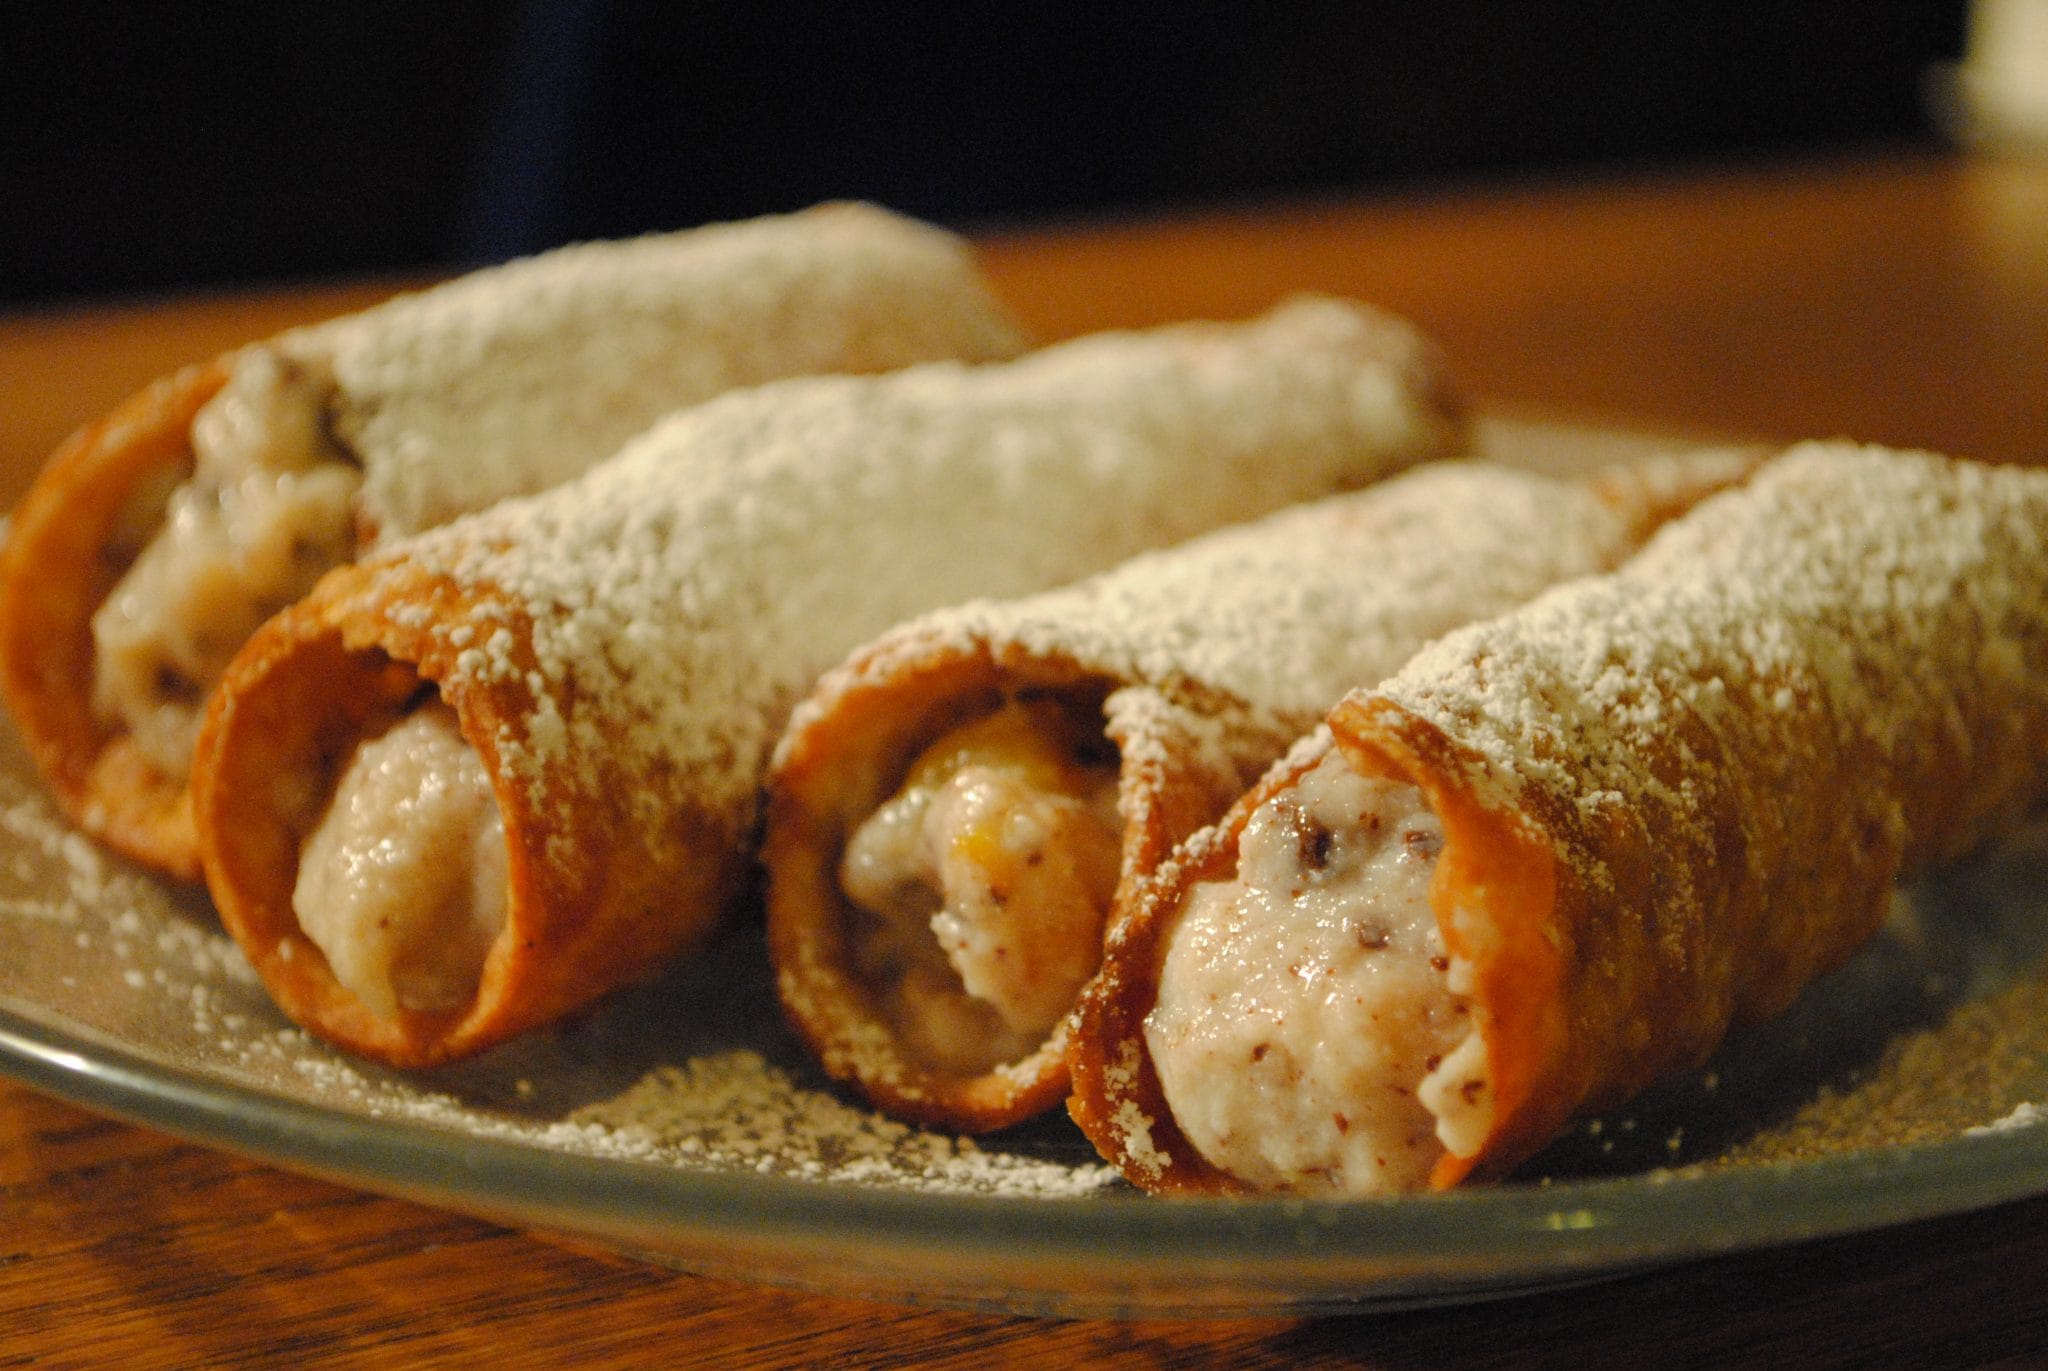 Side view of stuffed cannoli on a plate.
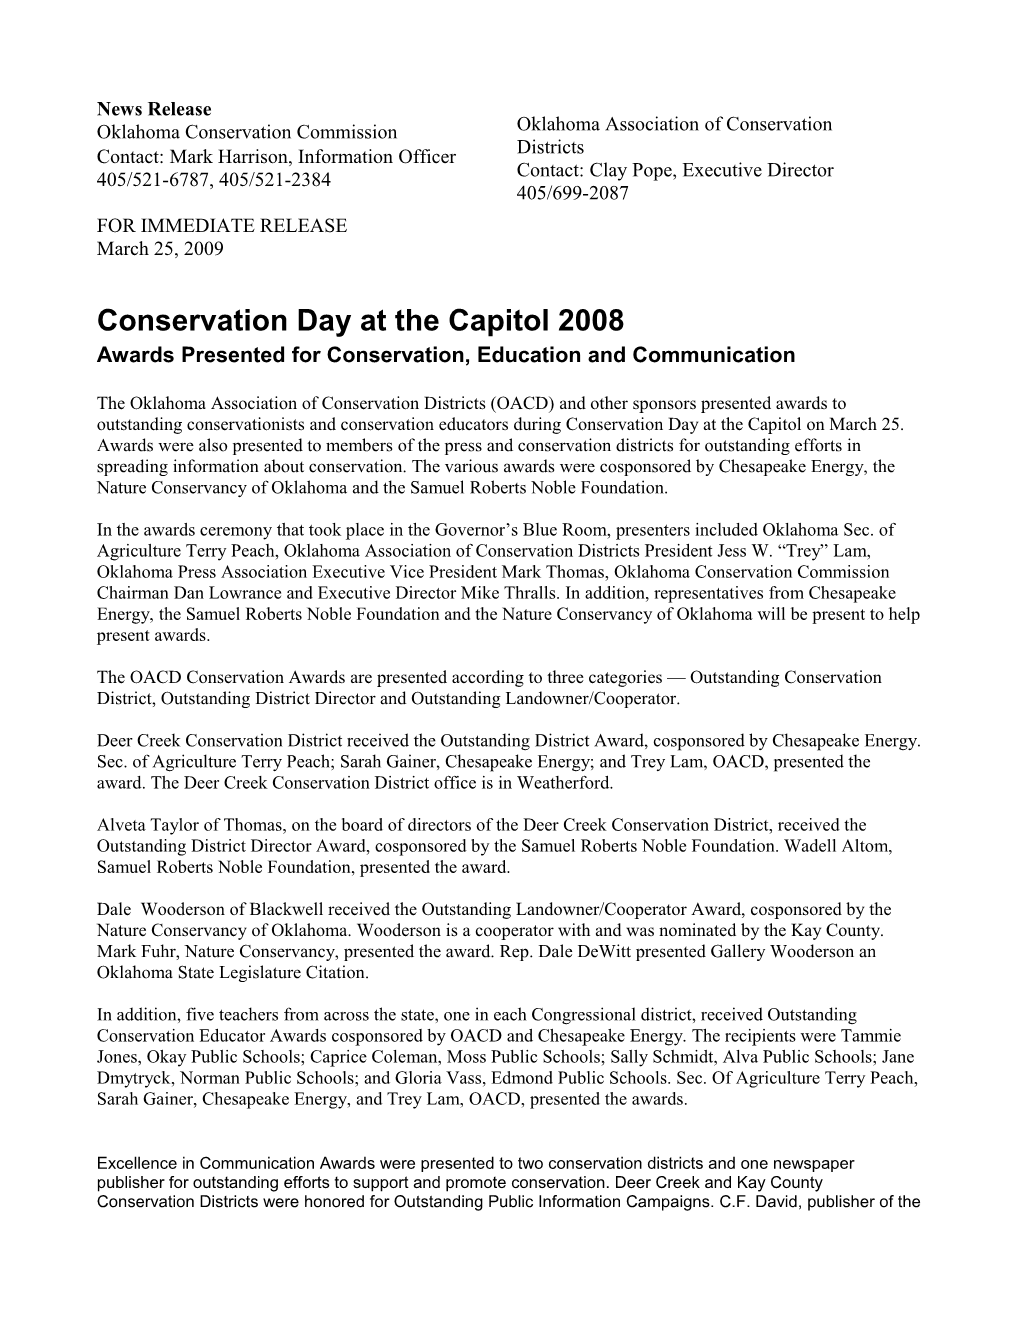 Conservation Day at the Capitol 2008
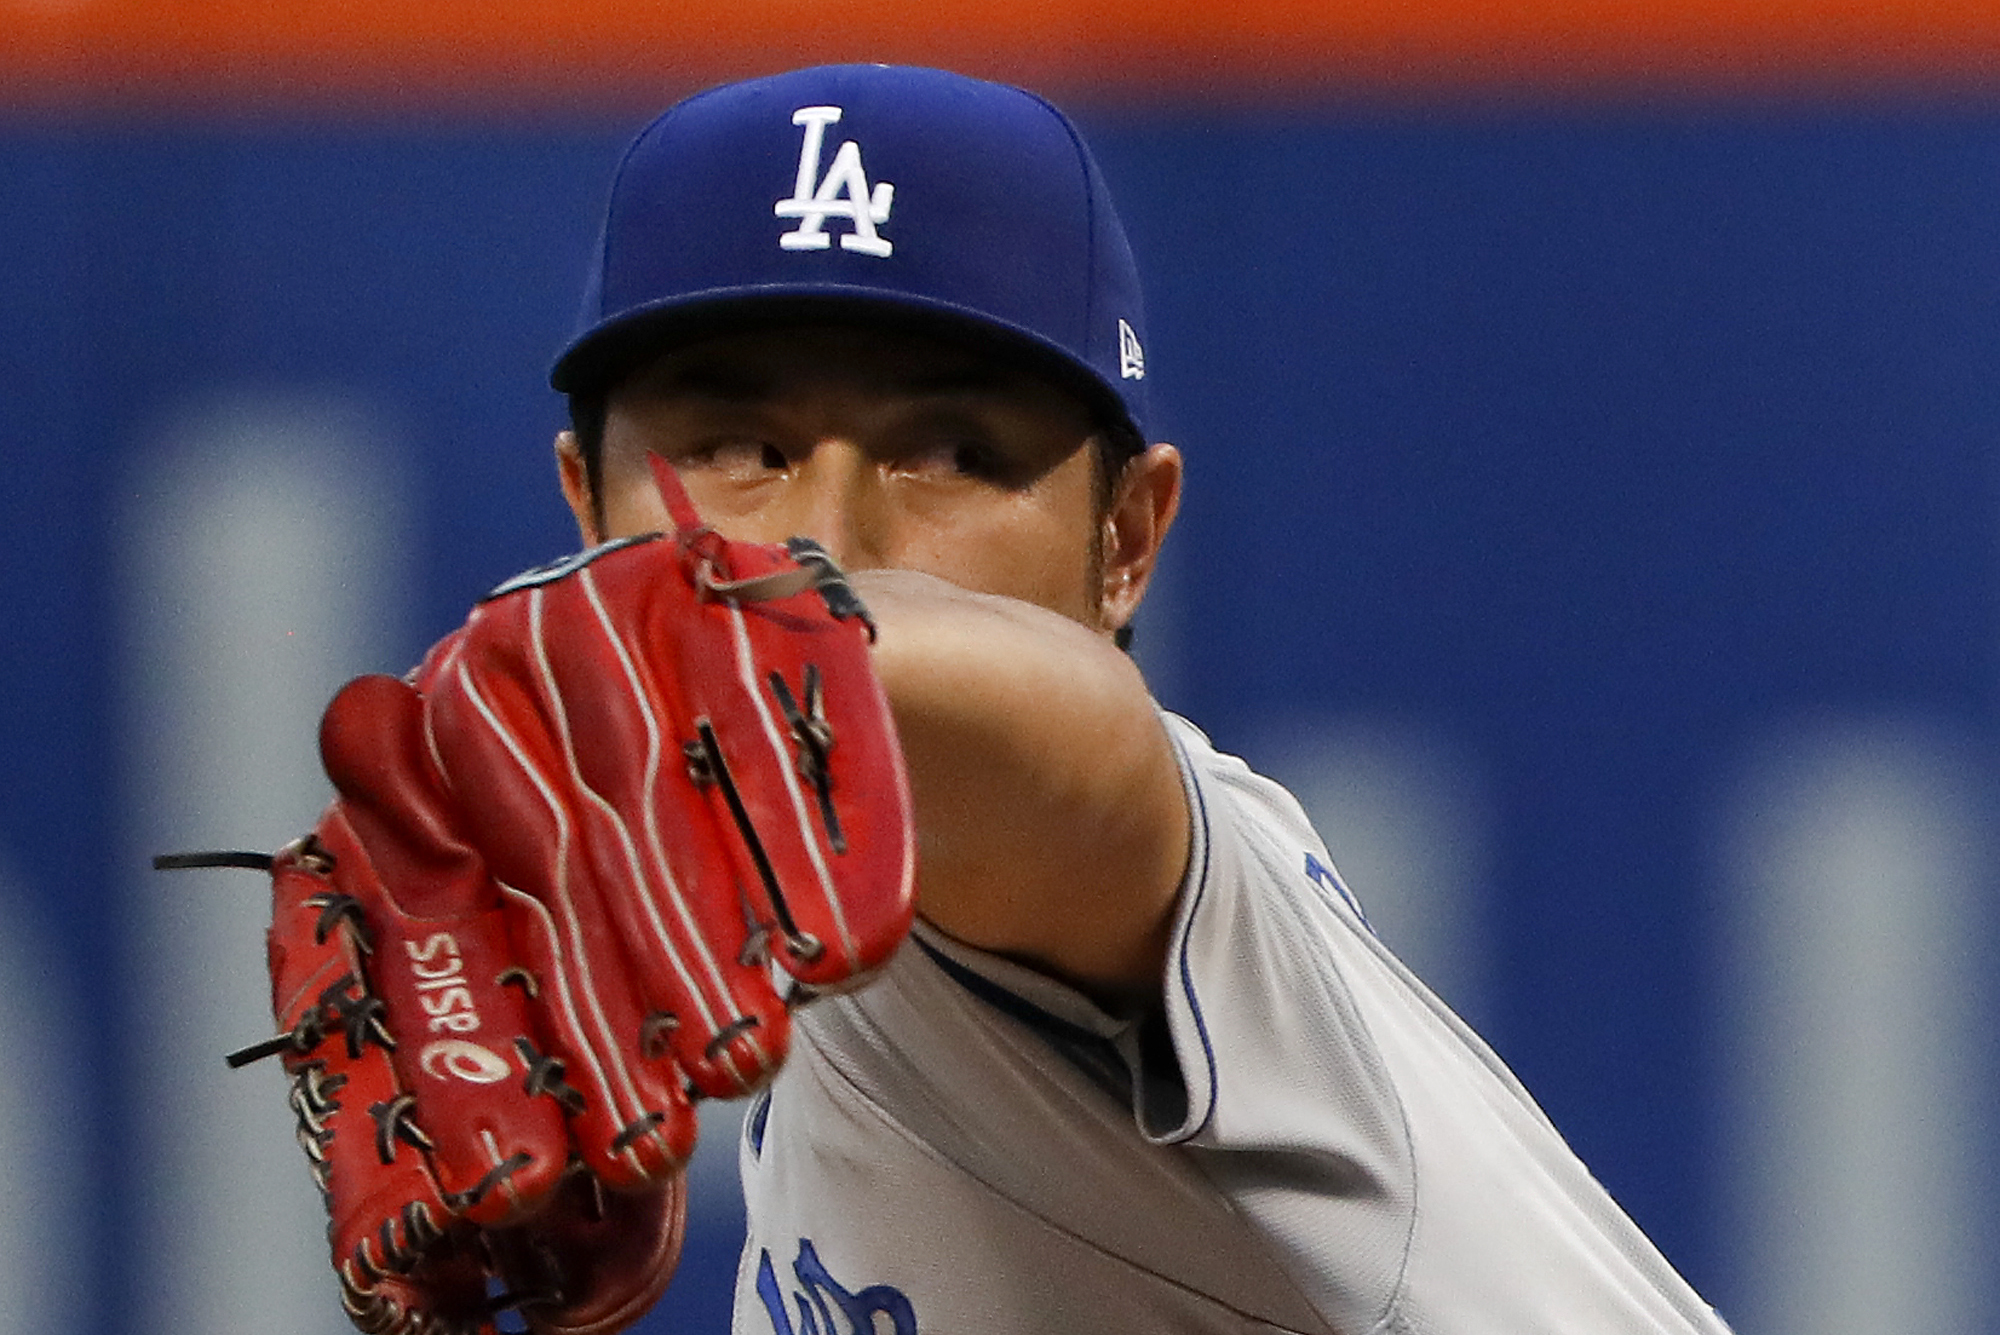 Yu Darvish to make Dodgers debut Friday in New York vs. Mets

• [EXERCISE]: Leaving the pictures aside, copy exactly and only the lines from the one holding "Conservation Day at the Capitol 2008" through the final line of the data, both ends kept.

• [SOLUTION TO THE PROBLEM]:
 Conservation Day at the Capitol 2008
 Yu Darvish to make Dodgers debut Friday in New York vs. Mets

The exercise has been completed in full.